Unemployment Discrimination – The Law

December 13, 2013

A.   Federal Law

Federal law prohibits discrimination on the basis of age, disability, national origin, sex/pregnancy, race/color, religion, genetic information, etc.  Federal law does not currently prohibit discrimination on the basis of employment status.  (In other words, unemployment status is not a “protected class” under federal law.)  However, that doesn’t mean employers can discriminate against the unemployed without legal risk.

While “disparate treatment” (i.e., intentional) discrimination cases garner most of the media attention in this country, employers can also be held liable under a “disparate impact” (i.e., unintentional) discrimination theory of liability.

What is Disparate Impact?

Federal law prohibits not only intentional acts of overt discrimination, but also neutral policies or practices which have a disproportionate, adverse impact on members of a protected class (e.g., race/color).  Once an employee shows a specific employment policy or practice adversely impacts members of a protected class, the employer must prove the specific employment policy or practice is “job related and consistent with business necessity.”  If the employer satisfies this burden, the focus of the case then becomes whether the employee can show a less discriminatory alternative exists that meets the business need and whether the employer refuses to adopt it.

Disparate Impact and the Unemployed

As William Spriggs, Assistant Secretary for Policy at the Department of Labor, noted during the EEOC’s February 16, 2011 meeting, individuals in some protected categories, such as African Americans, Hispanics, Native Americans and disabled people, are currently overrepresented in the pool of unemployed workers.  Consequently, an employment policy or practice of only hiring individuals who are currently employed could end up having a disproportionate, adverse impact on members of these protected categories, in violation of federal, state and local law.

B.   State Law

Beginning June 2011, New Jersey became the first state to adopt a law (N.J.S.A. 34:8B) directly addressing the hiring of unemployed job applicants.  (The New York and Michigan legislatures have each proposed laws addressing the issue.) As recounted in our June 2011 newsletter, New Jersey employers may not knowingly publish an advertisement for a job opening in New Jersey that contains one or more of the following:

  1. Any provision stating that the qualifications for a job include current employment;
  1. Any provision stating that the employer or employer’s agent, representative, or designee will not consider or review an application for employment submitted by any job applicant currently unemployed; or
  1. Any provision stating that the employer or employer’s agent, representative, or designee will only consider or review applications for employment submitted by job applicants who are currently employed.

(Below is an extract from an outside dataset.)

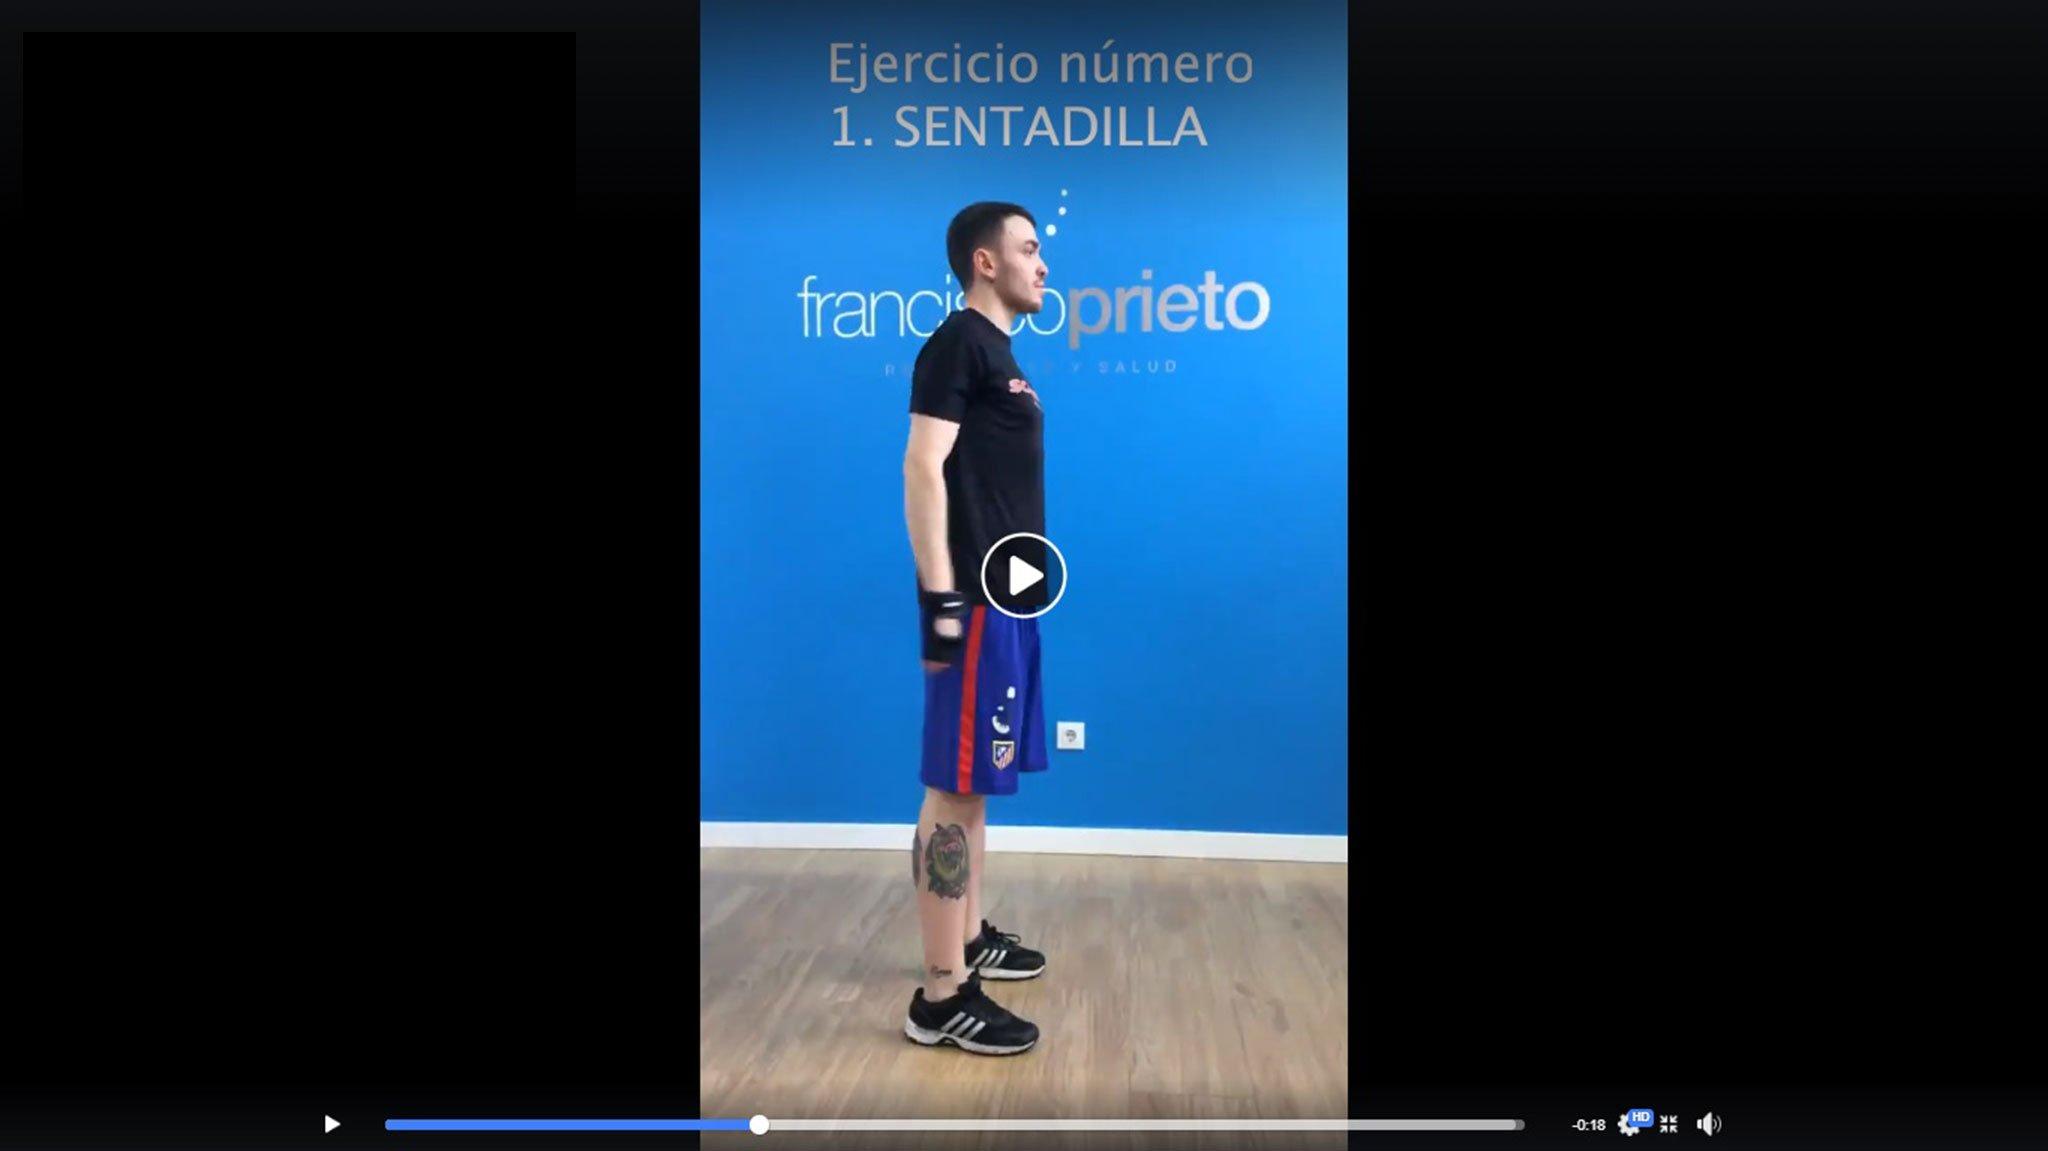 Франциско Прието Студия помогает вам, проводя тренировки, чтобы заботиться о вас во время карантина

It is important to note New Jersey’s law is limited in both scope and remedies. The law does not prohibit employers from publishing in job vacancy advertisements other job qualifications, such as education, training, and experience requirements, as well as any required professional/occupational licenses or certificates.  The law also does not prohibit employers from publishing job vacancy advertisements which state that only applicants who are currently employed by the employer will be considered (e.g., internal job postings soliciting applicants from within the company).

The law also does not permit an applicant to bring a private lawsuit against an employer, but rather, empowers the Commissioner of Labor and Workforce Development to collect civil penalties from employers in an amount not to exceed $1000 for a first violation, and $5000 or $10,000 for subsequent violations.

C.  Fair Employment Opportunity Act of 2011

The Fair Employment Opportunity Act of 2011 (H.R. 2501) was recently introduced in the U.S. House of Representatives, and a similar bill was introduced in the U.S. Senate (S. 1471).  The House bill would prohibit discrimination in employment on the basis of an individual’s status or history of unemployment by making it illegal for an employer to:

  1. Refuse to consider for employment or refuse to offer employment to an individual because of the individual’s status as unemployed;
  1. Publish in print, on the Internet, or in any other medium, an advertisement or announcement for any job that includes — (A) any provision stating that an individual’s status as unemployed disqualifies the individual for a job; and (B) any provision stating or indicating that an employer will not consider an applicant for employment based on that;individual’s status as unemployed; and
  1. Direct or request that an employment agency take an individual’s status as unemployed into account in screening or referring applicants for employment.

The House bill would also prohibit employment agencies from “limit[ing], segregat[ing], or classify[ing] individuals in any manner that may limit their access to information about jobs, or consideration, screening, or referral for jobs, as employees, because of their status as unemployed.”  The proposed legislation would prohibit discrimination against all unemployed applicants, regardless of the amount of time an individual has been unemployed.

The legislation also provides a defense for employers. An employer will not be liable for discrimination if an applicant’s employment status is a bona fide occupational qualification, meaning that it is “reasonably necessary to successful performance in the job that is being filled.”